Financial analyst, Duma Gqubule said that he was not a proponent of B-BBEE and had “retired” from discussing it because there was “voodoo accounting system” in the B-BBEE Codes.

“There's a maze of conflicting statistics about black ownership that just confuses the hell out of the public. The Commission says it’s 30% and then some others say 20%, this is impossible because the total market cap of the JSE is R20 trillion,” he said.

“So you're telling me that black people own R6 trillion of the assets on the JSE if it's 30%, or R4 trillion if it's 20%. We know that that is impossible.”

Gqubule said Intellidex looked at actual ownership, not the actual scores, and found 1.9% of the JSE was owned by black people.

He said some companies such as retail giant Pick n Pay had never done a BEE deal yet it had 18 points in its B-BBEE scorecard, while banking giant Absa still has 12.8 points in its scorecard for a BEE deal completed in 2012.

“I won't get into the technical details of this manga-manga system of accounting. But ownership must be a compulsory separate law, separate one for management and so on, because these companies have learned how to game the system,” Gqubule said.

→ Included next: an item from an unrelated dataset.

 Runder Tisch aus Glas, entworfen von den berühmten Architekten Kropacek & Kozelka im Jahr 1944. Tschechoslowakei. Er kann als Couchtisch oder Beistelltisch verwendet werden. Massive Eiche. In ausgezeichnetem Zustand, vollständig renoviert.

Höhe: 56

“We have to review the ownership element. We must measure actual ownership, not manga-manga ownership and must give companies three years to enter into transactions.”

Identity Fund Capital founder and chairperson Polo Leteka concurred with Gqubule about the ease to subvert B-BBEE Codes around ownership, management control, employment equity, skills development, preferential procurement, enterprise development and socio-economic development.

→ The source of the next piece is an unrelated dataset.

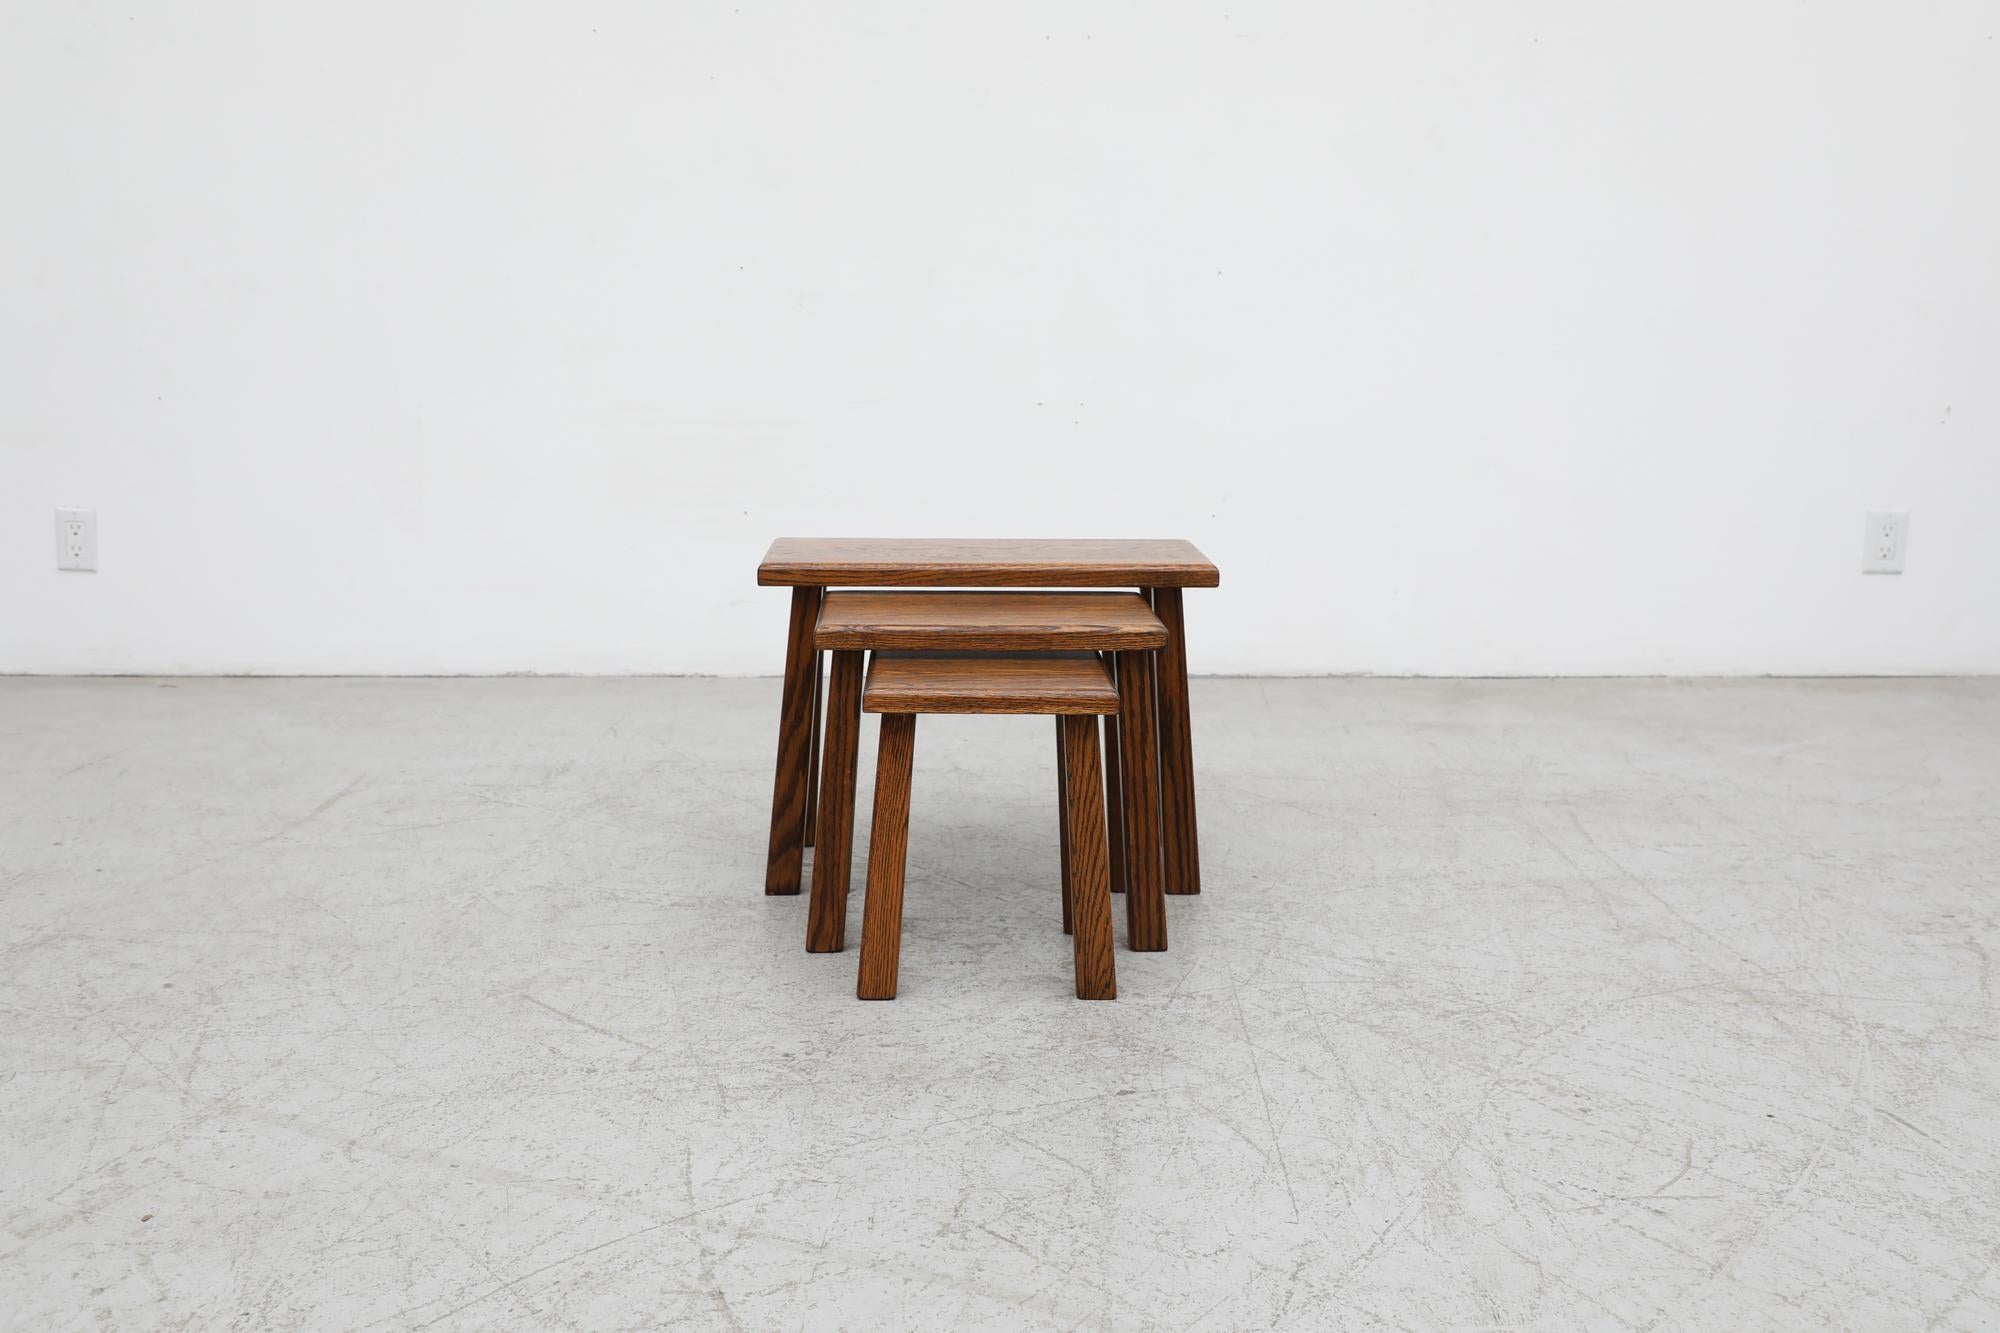 3er-Set von Pierre Chapo inspirierter Brutalismus-Tische aus dunkler Eiche mit hohen, quadratischen Beinen. Die Eiche hat eine schöne, tigerstreifenartige Maserung. In ursprünglichem Zustand mit Abnutzungserscheinungen und etwas sichtbarer Patina,

Leteka said the B-BBEE scorecards might be showing that the country was doing exceptionally to transform more sectors of the economy as companies were gaining Level 1, 2 and 3 statuses, only to find that they were actually not when you get into the rands and cents of it.

“We thought that by now, there'll be a flywheel effect where the stick is just self propelling and we are seeing transformation across the board. And unfortunately, that has not been fully the case across the board,” Leteka said.

“We haven't created the level of value. We have not transferred the level of wealth into the hands of black people. We haven't really transformed the economy as much as we thought by now we would have.”